Ford will begin making a full suite of safety and driver assistance technology, including a front collision system with automatic emergency braking, standard on all of its new vehicles, starting this fall with the refreshed 2019 Ford Edge SUV. The move covers Ford cars and SUVs, as well as F-150 pickup trucks.
The suite bundles a range of current assistance tech into a single package, which Ford has branded Ford Co-Pilot360 and will make standard. The bundle includes automatic braking with pedestrian detection, as well as a blind spot warning with rear cross-traffic alert, a backup camera, a driver attention alert, and a lane-keep assist that provides a warning and a steering nudge when the vehicle begins to drift out of the lane.

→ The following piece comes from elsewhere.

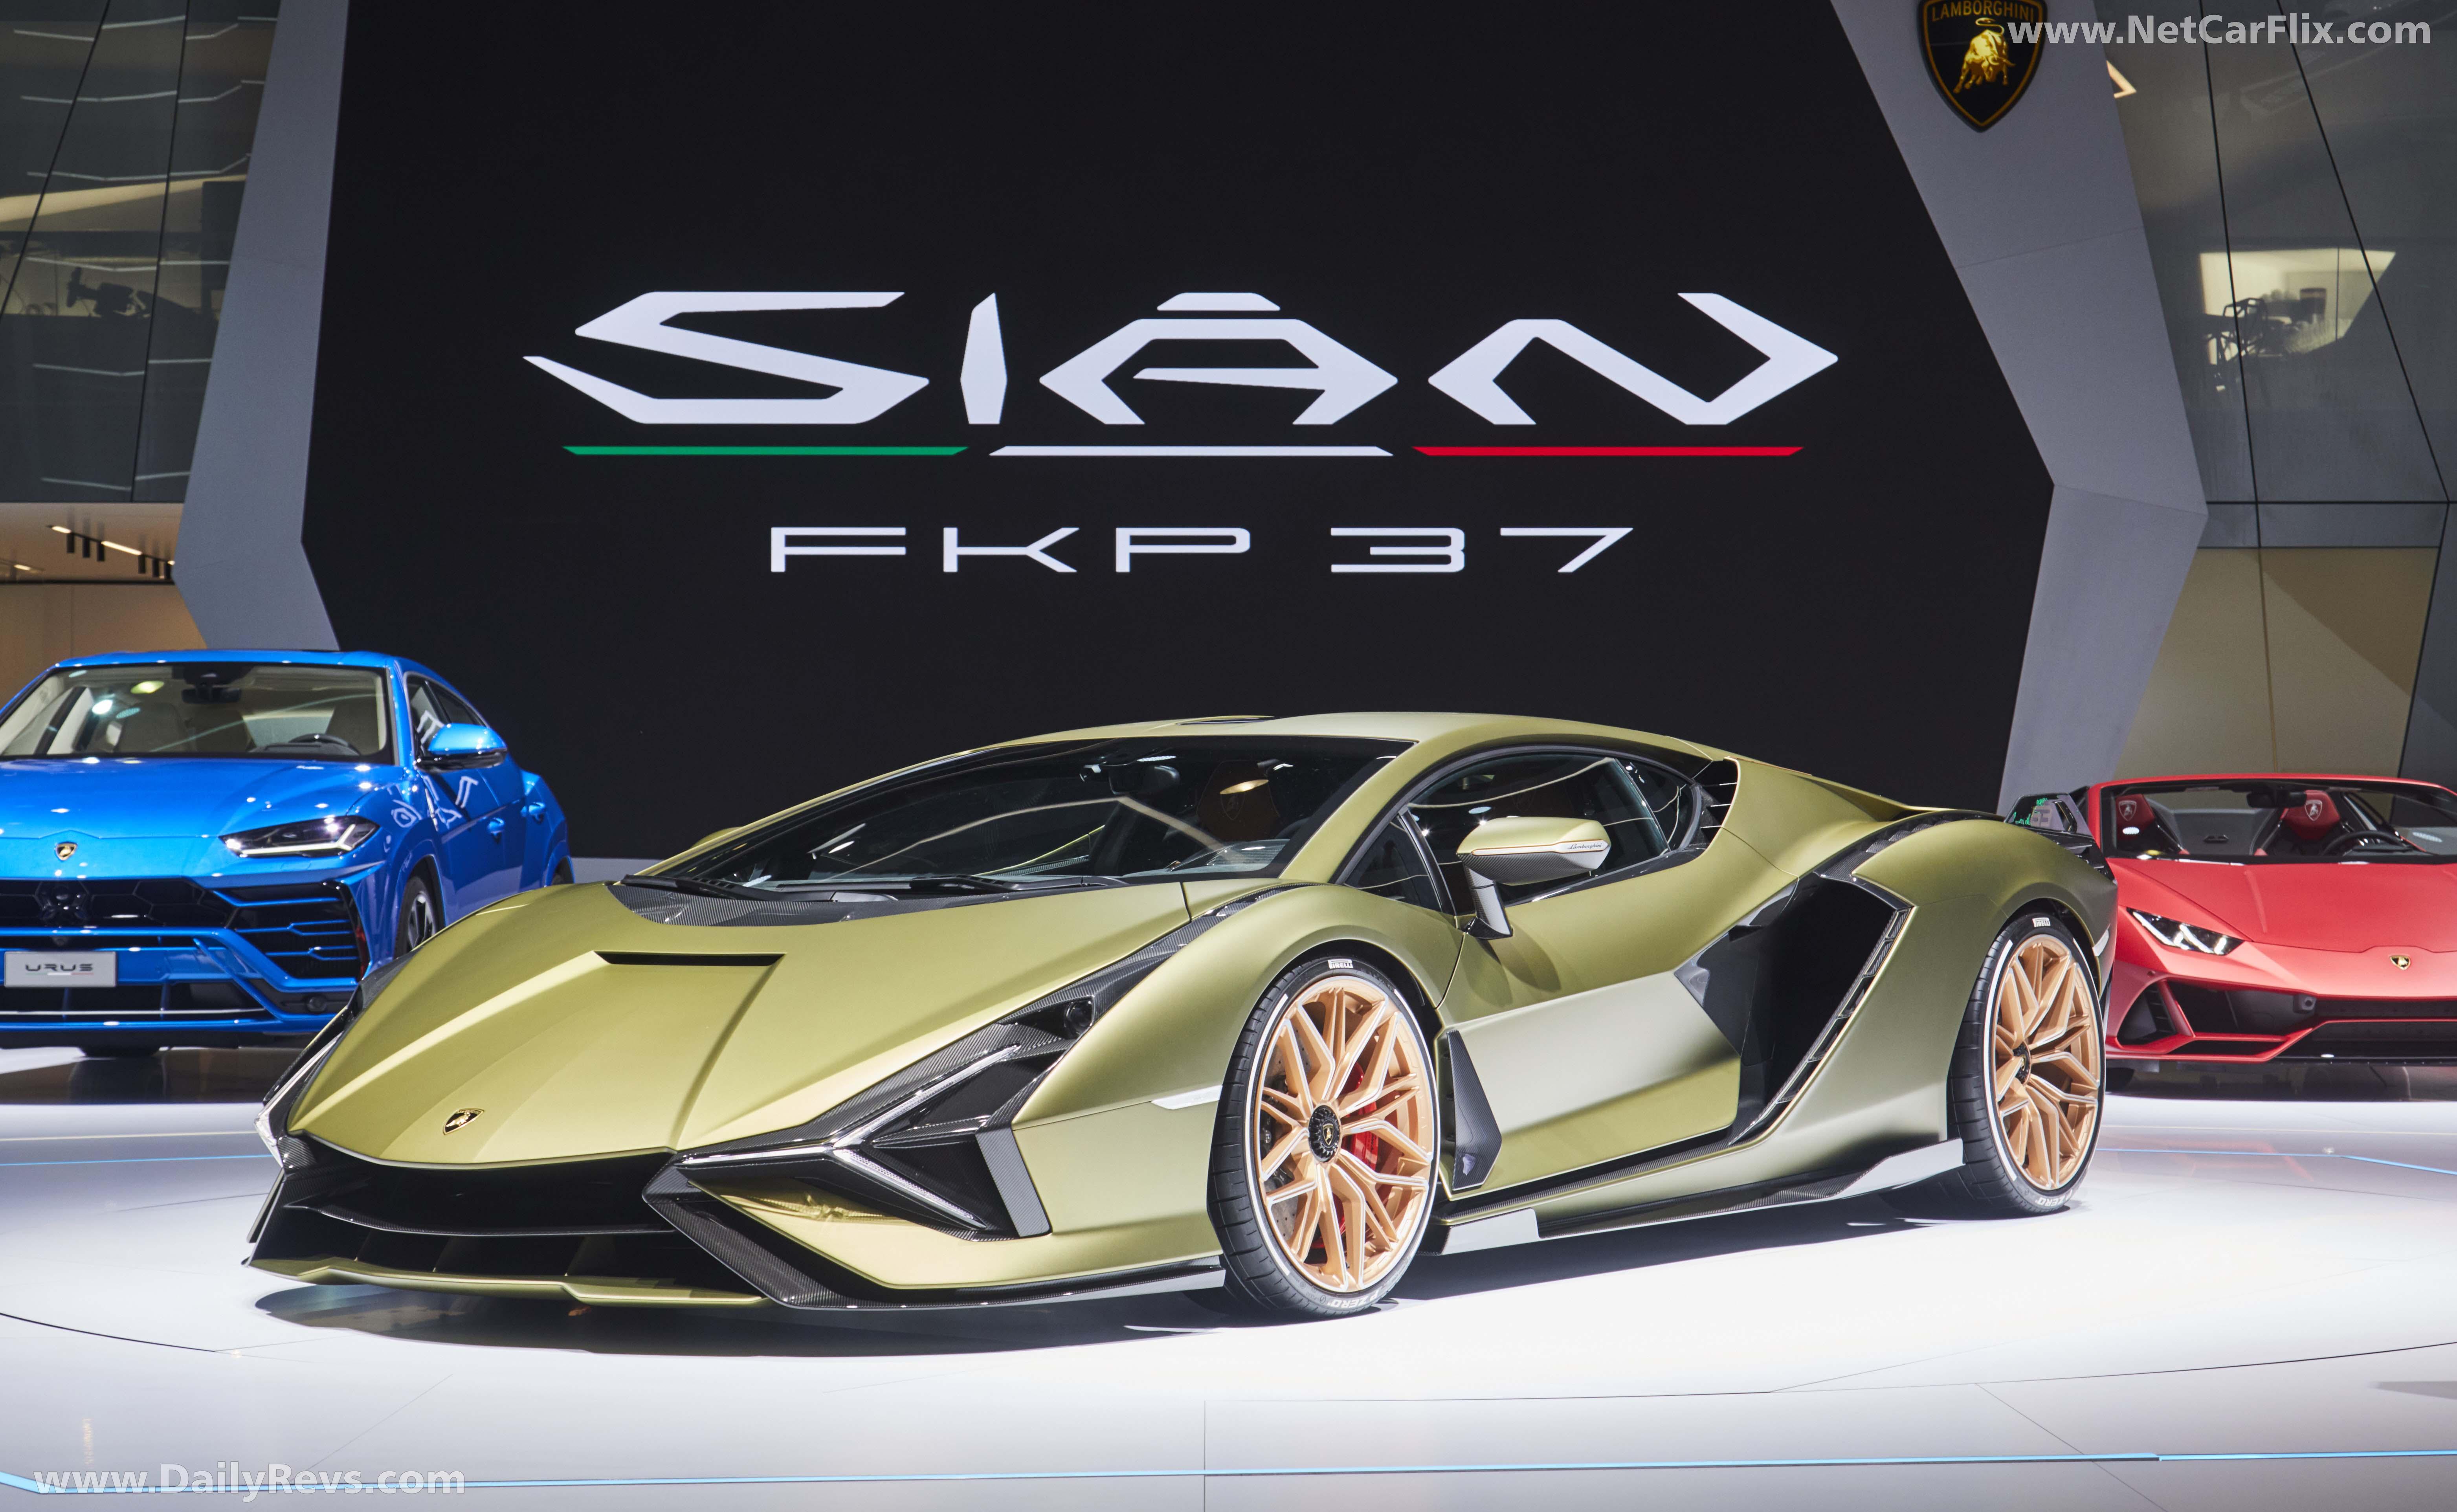 2020 Lamborghini Sian Hq Pictures Specs Information And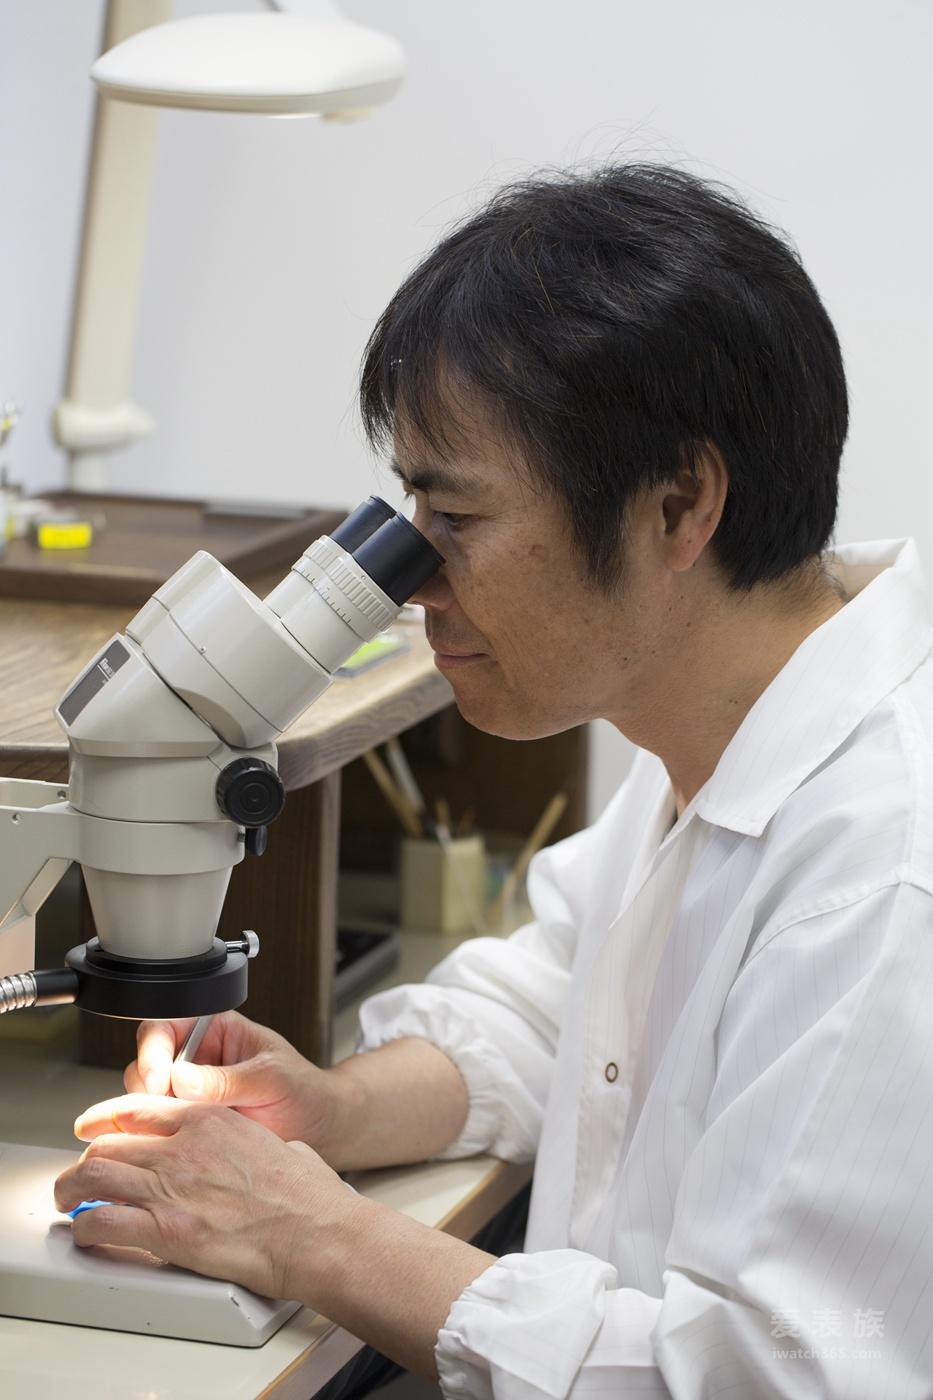 SEIKO(精工)日本制表工厂访问记【三】精工EPSON工厂

It also includes automatic high beams, which the Insurance Institute for Highway Safety credits with enabling increased use of high beams for safety. Ford says that in 2019, it will add rear automatic emergency braking to Ford Co-Pilot360 and plans to add further safety aids in the future. It says that 91 percent of its vehicles in North America will have a standard Co-Pilot360 safety package by 2020. Ford says it also will make a version of the system with automatic braking system optional for its heavier commercial trucks by 2020.
Ford’s move comes as automakers move with varying speed to meet a voluntary agreement between the industry and federal safety regulators in 2016 to make the forward collision system with automatic emergency braking standard on all new cars, SUVs and light trucks by 2022, and heavier vehicles by 2025. It is considered the most important of the new technologies in its potential to increase safety. These systems are designed to automatically brake when an emergency is detected by the car’s sensors. IIHS estimated at that time that the brake technology could cut rear-end crashes by 40 percent. And the National Transportation Safety Board reported that more than 80 percent of the 1,700 deaths and half-million injuries a year in rear-end collisions could be avoided or mitigated if all vehicles had automatic emergency braking systems.
Ford follows Toyota, which moved quickly and has a version of its Safety Sense safety-tech package with auto emergency braking standard on all but five lower-volume Toyota and Lexus models for 2018. Among other examples, Nissan has auto emergency braking standard on eight of its highest-volume 2018 models. And Honda has widened availability by making its Honda Sensing package with auto braking systems at least optional, if not standard, on almost all of its models and trim levels. Still, it will be many years before most vehicles on U.S. roads are equipped with the technology.